The ER doctor suggested poker as an alternative to climbing. When I talked to my father a few days ago he muttered about a family Fatwah to prohibit me from climbing.
The accident can't be dismissed as a fluke
Whether or not climbing is safe in the abstract, my recent experience suggests that it's dangerous for me. Sure, I could argue the accident was a fluke, a "black swan" event. But I don't think that would be a legitimate argument, for two reasons:
1) the accident itself was pretty mundane. I wasn't paying sufficient attention, and I slipped. Perhaps it's bad luck that I slipped, but it doesn't feel like a highly improbable outlier event -- slipping is going to happen from time to time.
2) the basis of climbing safety is to avoid problems when possible, but to always be prepared when problems occur. You wear a helmet because a rock may hit you on the head. You are roped in because no matter how careful you are, given enough time, you are certain to fall.

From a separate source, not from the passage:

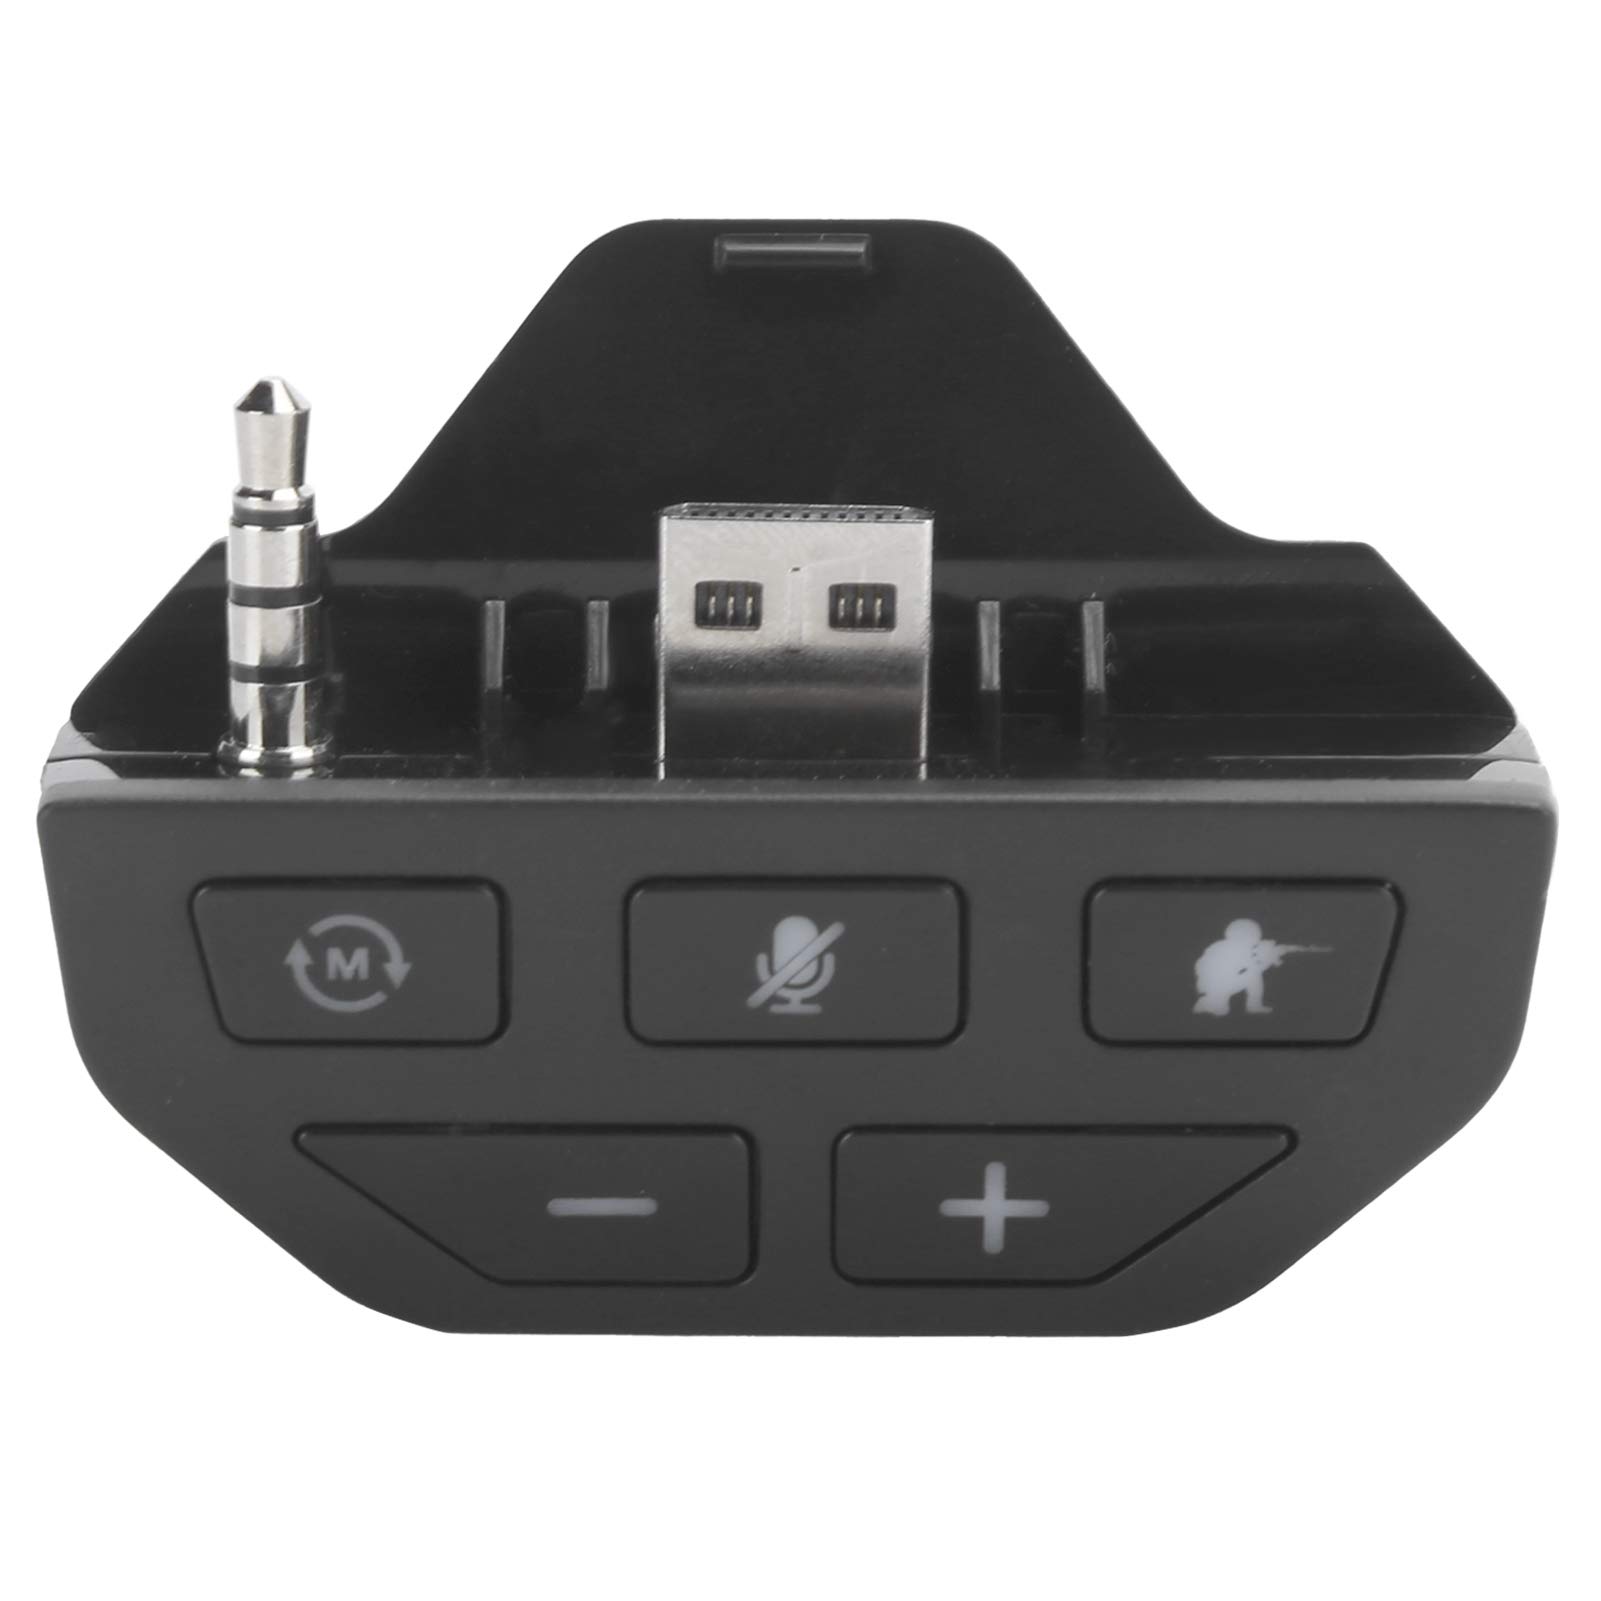 BTER Stereo-Kopfhörer-Adapter Controller für Xbox One, kabelloser Audio-Adapter mit Mehreren Audio-Modi mit 3,5-mm-Buchse, Verstellbarer Controller-Sounderhöhung für Xbox, Gamepad (schwarz)

So I can't dismiss the accident as a fluke event that's never going to occur again. But should I stop climbing because of it?

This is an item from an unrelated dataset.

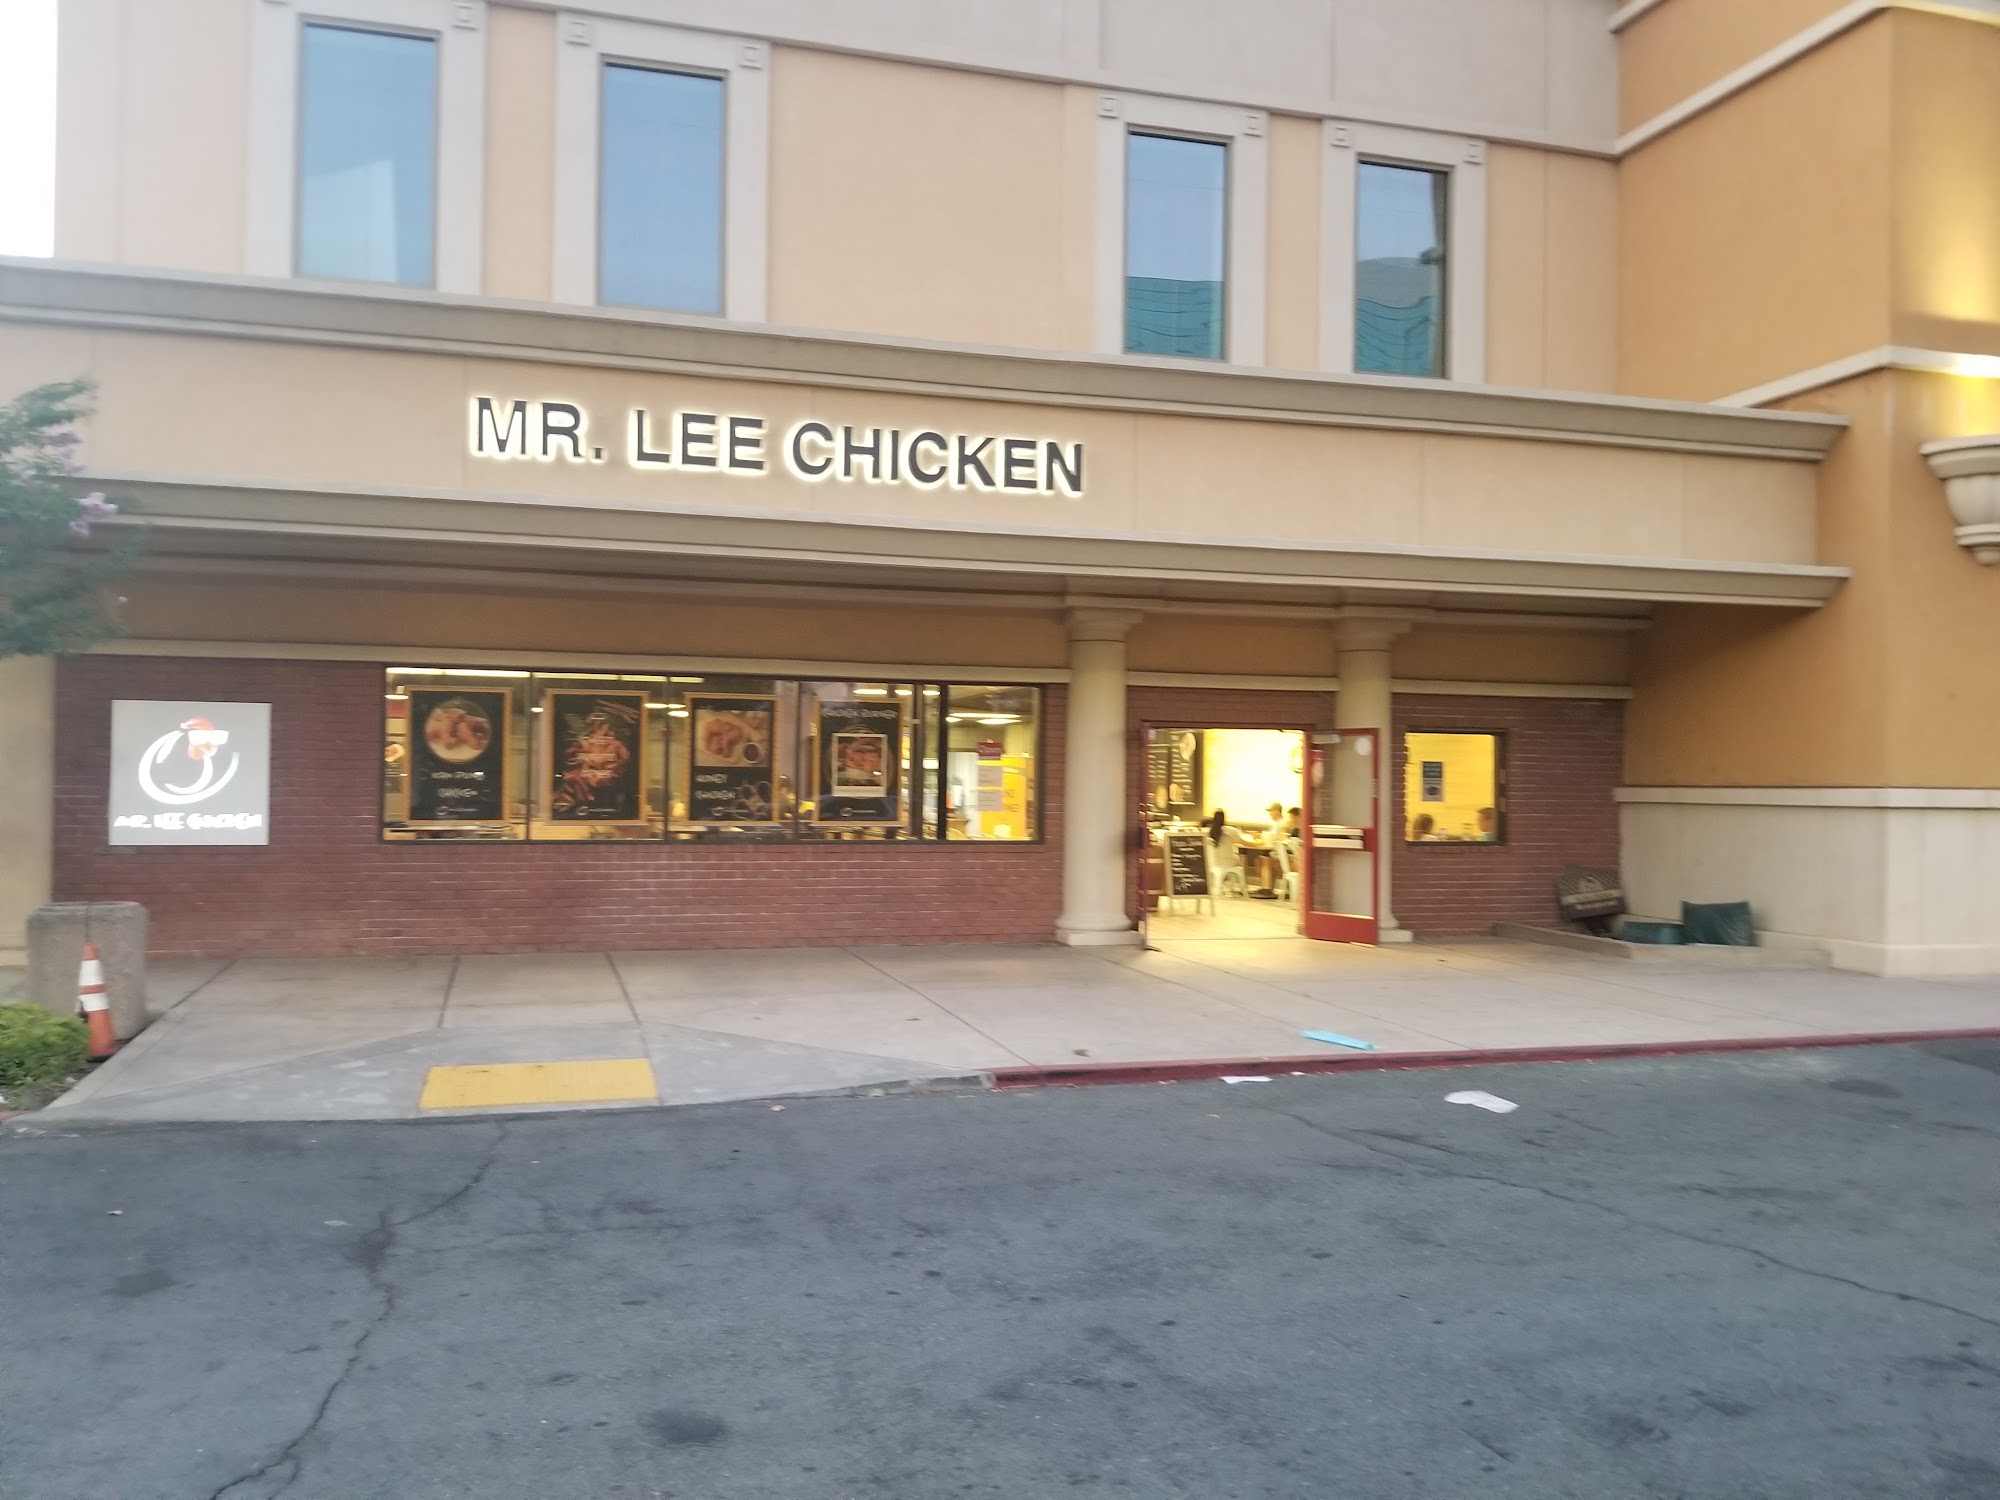 Mr. Lee Chicken

Indoor vs. outdoor climbing
For me, the first step to answering this question is to distinguish different kinds of climbing. Different kinds of climbing have very different risk profiles, and so it's important to consider them separately.
The most important distinction is between indoor climbing on a gym-wall, and outdoor climbing on a rock face.

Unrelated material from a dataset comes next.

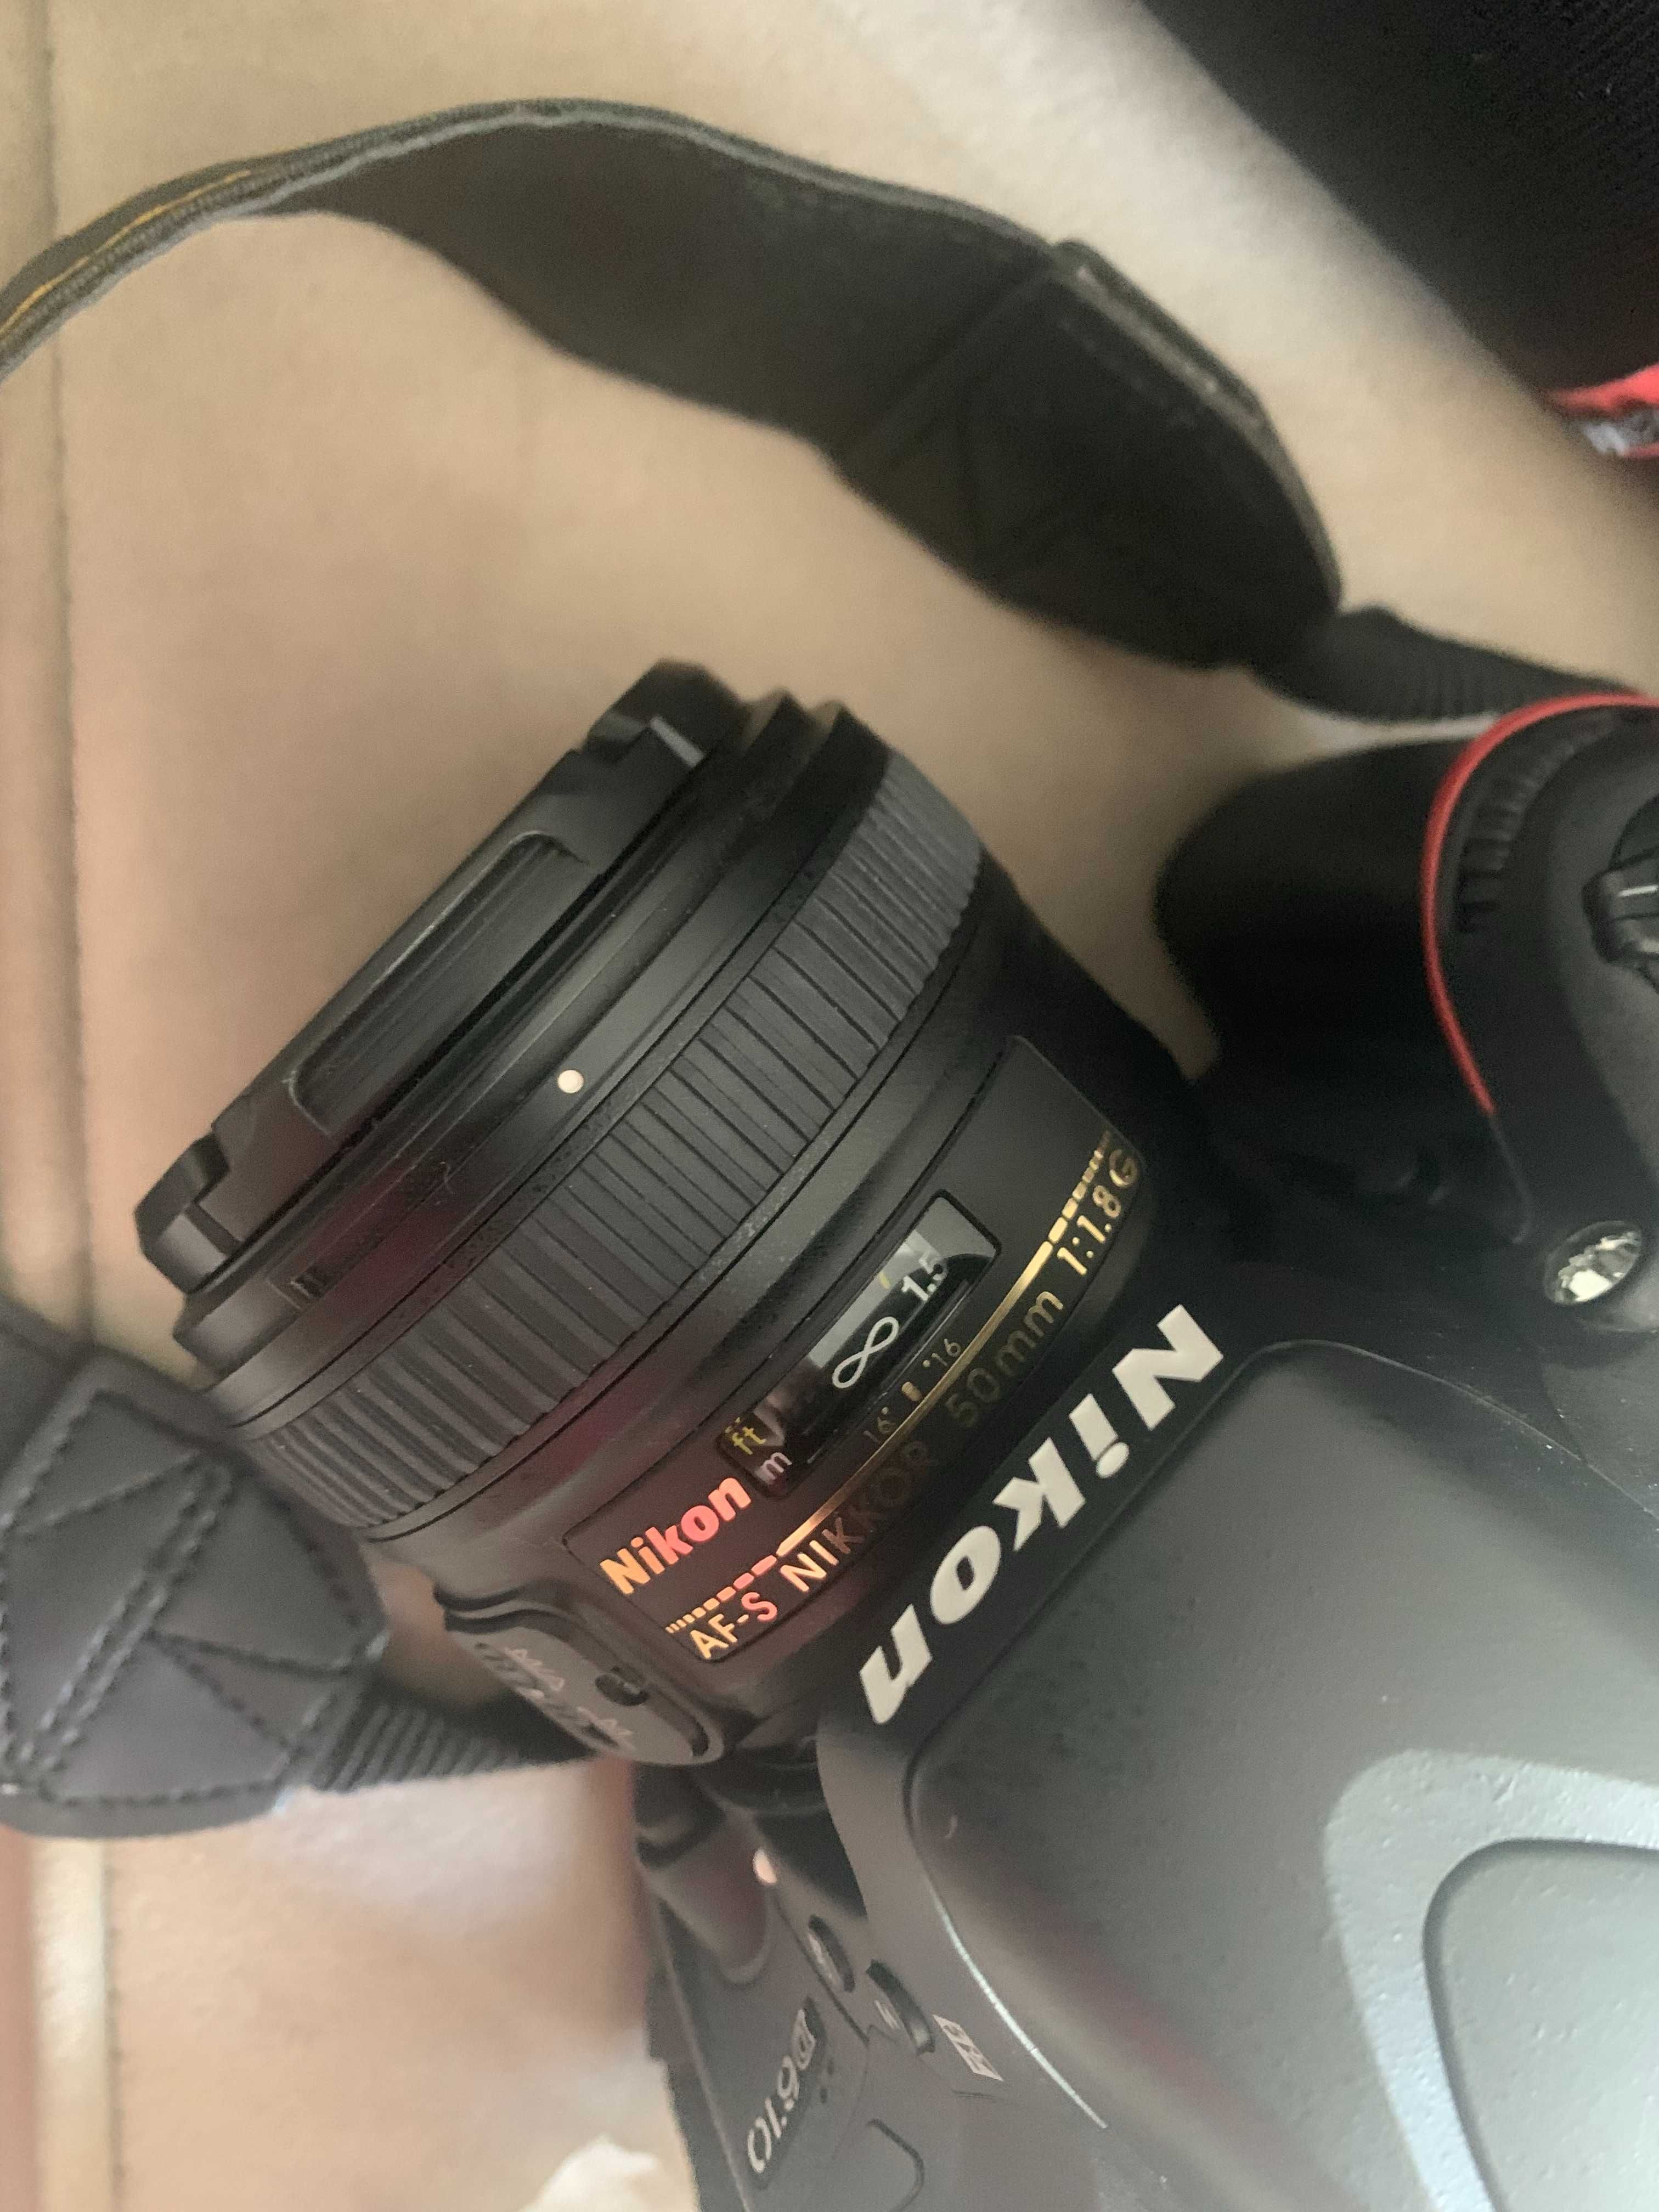 Aparat Nikon D610 + obiektyw af-s nikkor 50mm f/1.8g

In indoor climbing, everything is in place for you, and someone is being paid to maintain it all. To climb, you need only a rope, a harness, climbing shoes, and climbing partner to belay you. Actually, you don't even need a climbing partner -- you can choose to climb in the padded "bouldering" area, and in many gyms you can use a "self-belay" device to climb on the gym walls.
Regardless, the indoor climbing gym is a very controlled environment. There's no danger of falling rock, because there is no rock -- the holds are made of plastic resin. It's indoors, so weather is a non-issue.
Can you hurt yourself in a gym? Absolutely. I’ve done it — I strained a finger-pulley tendon when I swung too hard on a hold while bouldering. If you make a serious mistake (e.g. your belayer forgets to hold on, and you fall), you could die. But it’s highly unlikely.
And studies back up that indoor climbing is very safe. For example:
With a sample size of 500,000 visits to climbing gyms in Germany, the study found an injury rate of 0.02 injuries per 1,000 climbing hours. The conclusion of the study: indoor climbing is safer than badminton and other indoor sports, and much safer than contact sports.
I assume that the study is excluding minor injuries, such as the pulled tendon I experienced, from the statistics. But that seems legitimate to me -- a pulled tendon is an annoyance that may prevent you from climbing, but it's not life-threatening.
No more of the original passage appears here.